In team approach, programmers' code should run in a sandbox - it
wouldn't do if each programmer could crash the entire system just
by debugging a new version of the 'score' command. :) This encompasses
a lot of things: object access, database access (if you don't go
for automatic persistance), datatype opaqueness, and large number
of other issues. Most mainstream languages don't even begin to
deal with this issue. So, IMHO, mainstream language is not an
option for a MUD done by more than a single programmer.

9) dynamic objects/inheritance

This issue is VERY problematic. The idea is that if you go for
a dynamic object system, gain is that you're able to dynamically
reparent objects, change the methods and properties on the fly,
and do all of this through your telnet connection. The downside
is that this slows down message passing, both in interpreters and
compilers. It can still be made /suffciently/ efficient, actually.
Common LISP has full dynamic inheritance supported by its native
object system, and it's not too slow. The secret is caching - if
you don't /repeat/ method lookups when they're not needed, you'll
be well off.

I think that full dynamism is important if you're working on very
creative setting with lots of custom code, and you want this code
done QUICKLY - the programming speed in dynamic languages is so
much greater than in static object systems that it's not even fun.
It also gives great freedom in experimenting.

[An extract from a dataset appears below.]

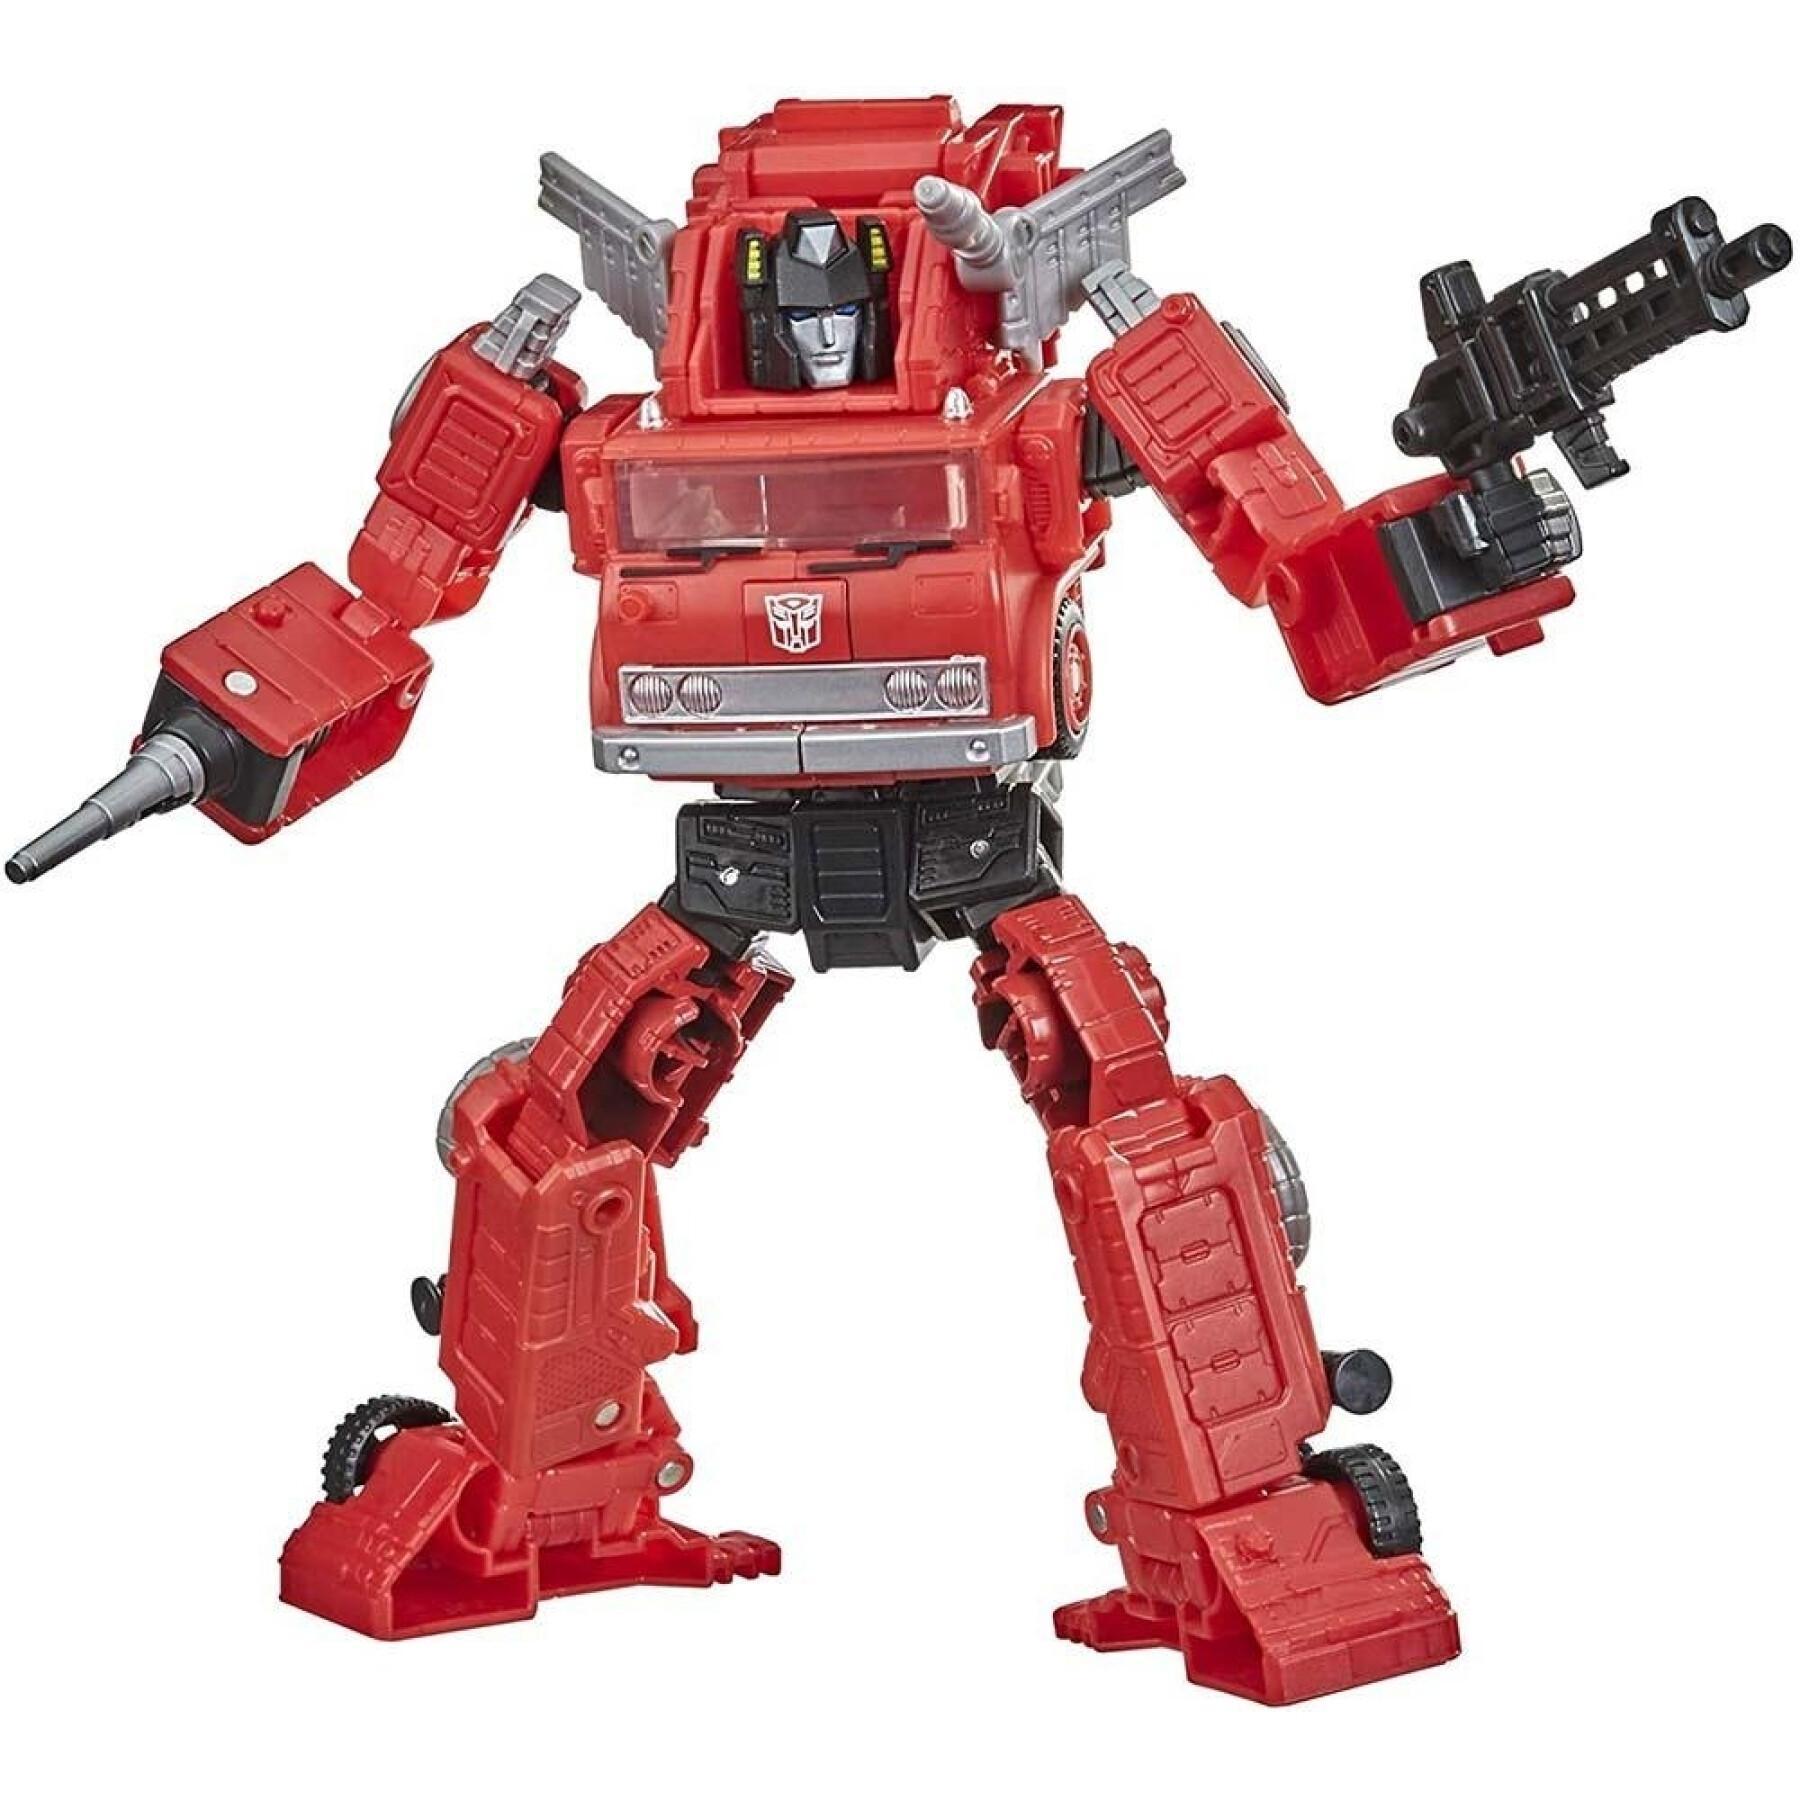 Figurina Hasbro Transformers Generation WFC Voyager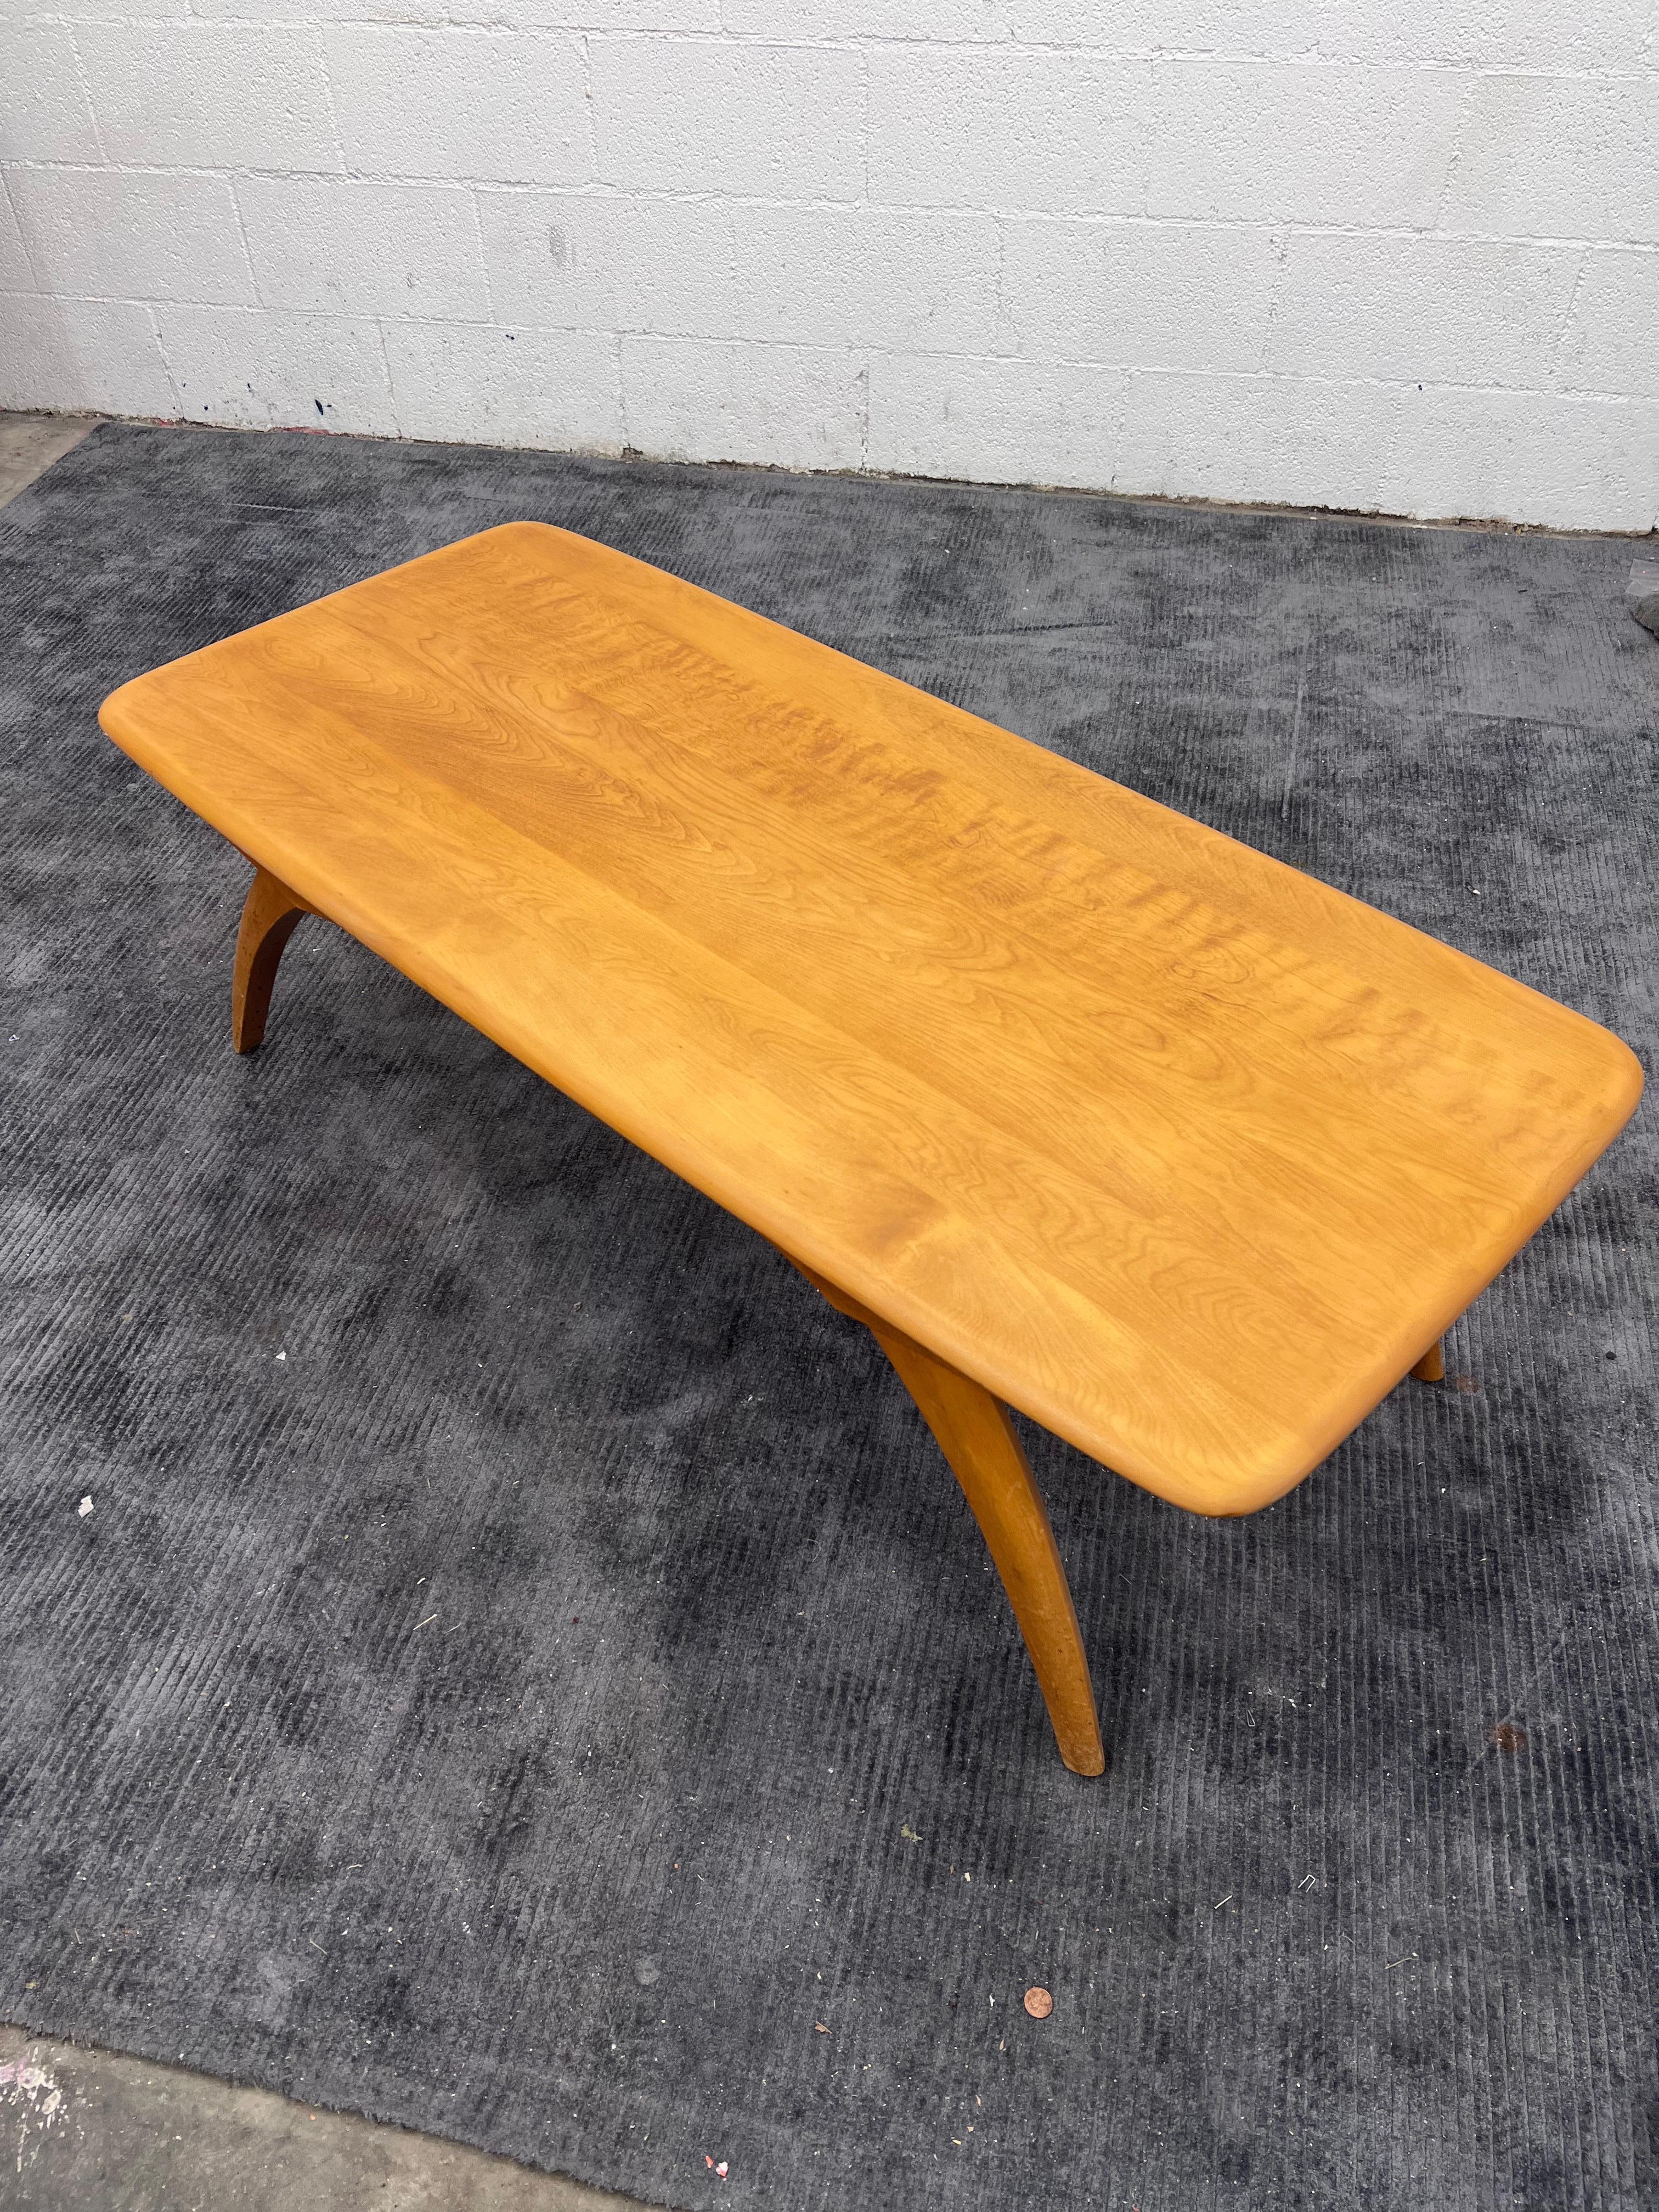 heywood wakefield coffee table

--------------------------

With the mainstream languages, Common LISP satisfies most of these
features. Scheme comes close, in some implementations (as Scheme
standard is pretty minimal). Neither can very well support a team
of telnetted programmers developing the world, though. Some MUDs
discussed here do.

> Maybe I used incorrect terminology. 
> 
> 5  [ PROBLEM-ORIENTATED LANGUAGE LEVEL ]
> 4  [      ASSEMBLY LANGUAGE LEVEL      ]           
> 3  [  OPERATING SYSTEM MACHINE LEVEL   ]
> 2  [    CONVENTIONAL MACHINE LEVEL     ]
> 1  [      MICROPROGRAMMING LEVEL       ]
> 0  [       DIGITAL LOGIC LEVEL         ]
> 
> These are the 6 layers to which I was referring. To move from one level 
> to another, compilation/interpretation is required. Adding another level 
> on top is what I *think* something like LPC does. Maybe, maybe not.
> 
> Is anyone aware of any sort of comparison between languages, showing 
> levels of suitability for various tasks?

The problem is that MUD design means that you've already decided on the
particular task. Out of a LARGE number of general-purpose languages, I
have yet to find *one* that supports persistance, dynamic object system
and automatic memory management in a satisfying manner. Rschem (the
implementation) comes close, but it still has a long way to go.

	Miro